Come on G2, cut the girl some slack, she is hurting.
I remember onetime when I was a little girl, and my mom said not to play in the street. Of course I did it anyway. I knew it was wrong, but the street had a certain allure to it. It was like it was tempting me to come and play. So, I took the chance, and went into the street. I saw my mom looking outside, so tried to hurry up and get out of the street, and I fell, and had broken my arm in three places.
Well, needless to say I was screaming in pain laying in the street. Do you know what my mother did when she realized that I had been in the street despite the fact that she implicitly told me not to go? She scooped up her broken child, and kissed me on the forehead, and said "Don't worry Honey, it WILL be alright."

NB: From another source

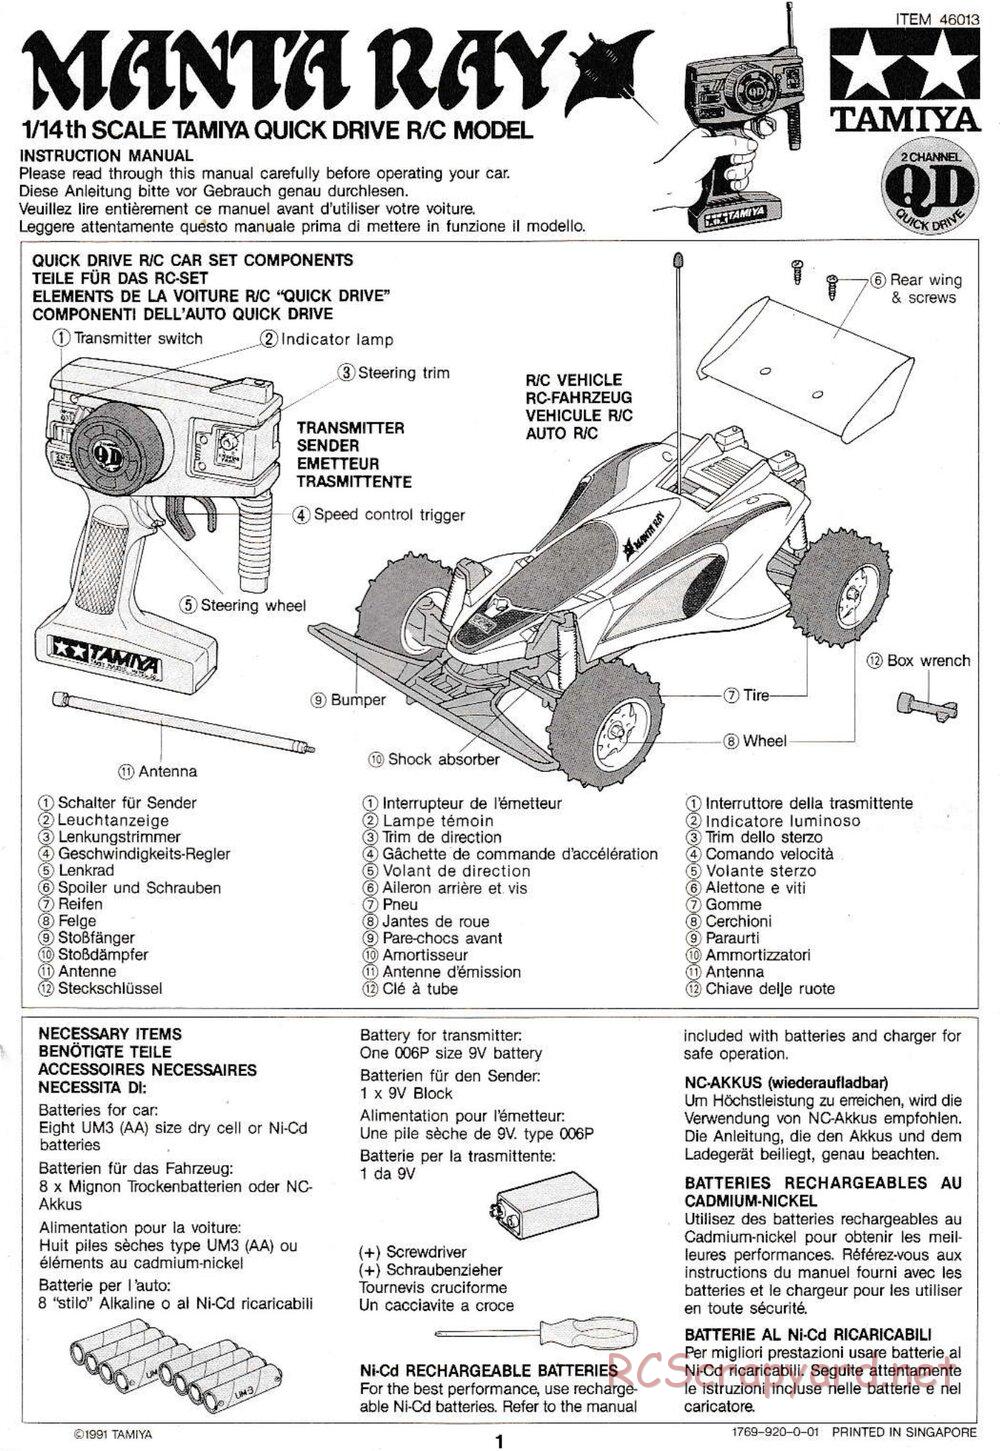 Tamiya - Manta Ray QD Chassis - Manual - Page 1

She no longer cared if what I did was right or wrong, all that she cared about was the fact that I was hurt, and I needed her care.
Well, G2 this is the same challenge that I give to you. Forget how she got here or why she came here, because here is where she is right now, and she needs our care. I say that we extend our hands in friendship, and love to help her get herself together. Let us be the last to judge, and the first to render aid.
Justice
I too enjoy reading your posts. You have a way of getting your point across and offer support at the same time.

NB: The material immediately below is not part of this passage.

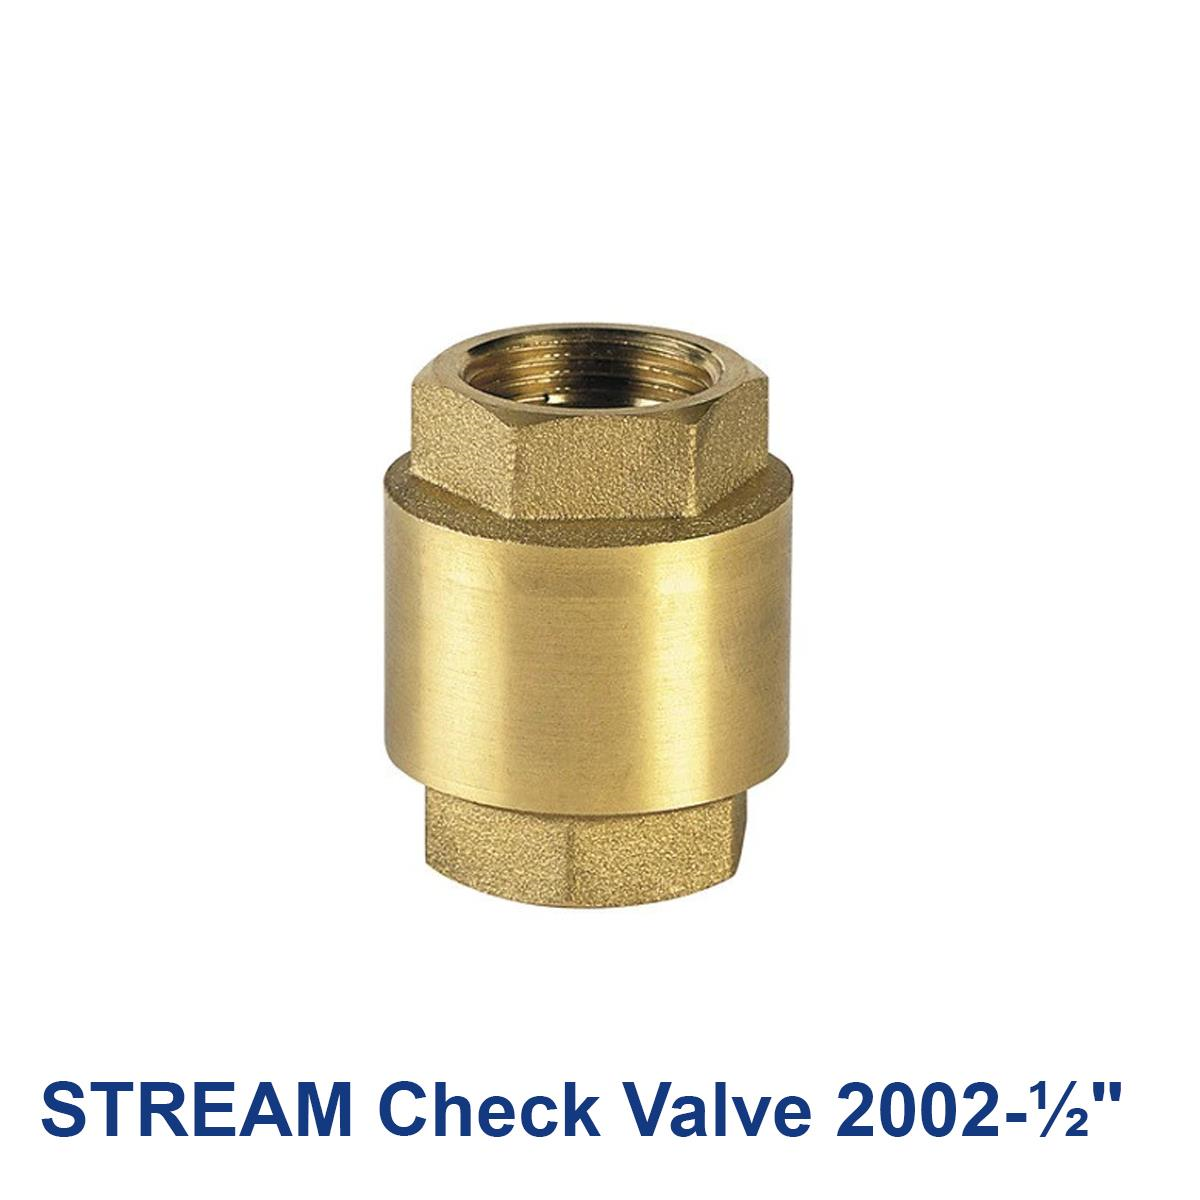 STREAM-Check-Valve-2002-½

OP, please don't be so hard on yourself. We are all on this board for the same reason, affairs. All of us could say the same things about ourselves. I get what your saying, just realize that you are not alone.
Thank you for your words of support and encouragement.
I don't know if you had a chance to read G2's post before it was deleted, but I hope you did.
I know it was harsh - but her message was right on point - in my opinion.
There are some wonderful women on here who take the softer approach - and then equally wonderful women who just aren't as delicate - I'm probably closer to the non-delicate side with G2.
You pretty much repeated what she said - that you're going to need to hit rock bottom before you work your way out of this mess.
thank you for that post, Justice
we are not therapists - but we are not clairvoyants either. it is hard to give advice when all you can see are the black and white words of one person in the relationship. so maybe sometimes they don't need our advice as much as they need our concern.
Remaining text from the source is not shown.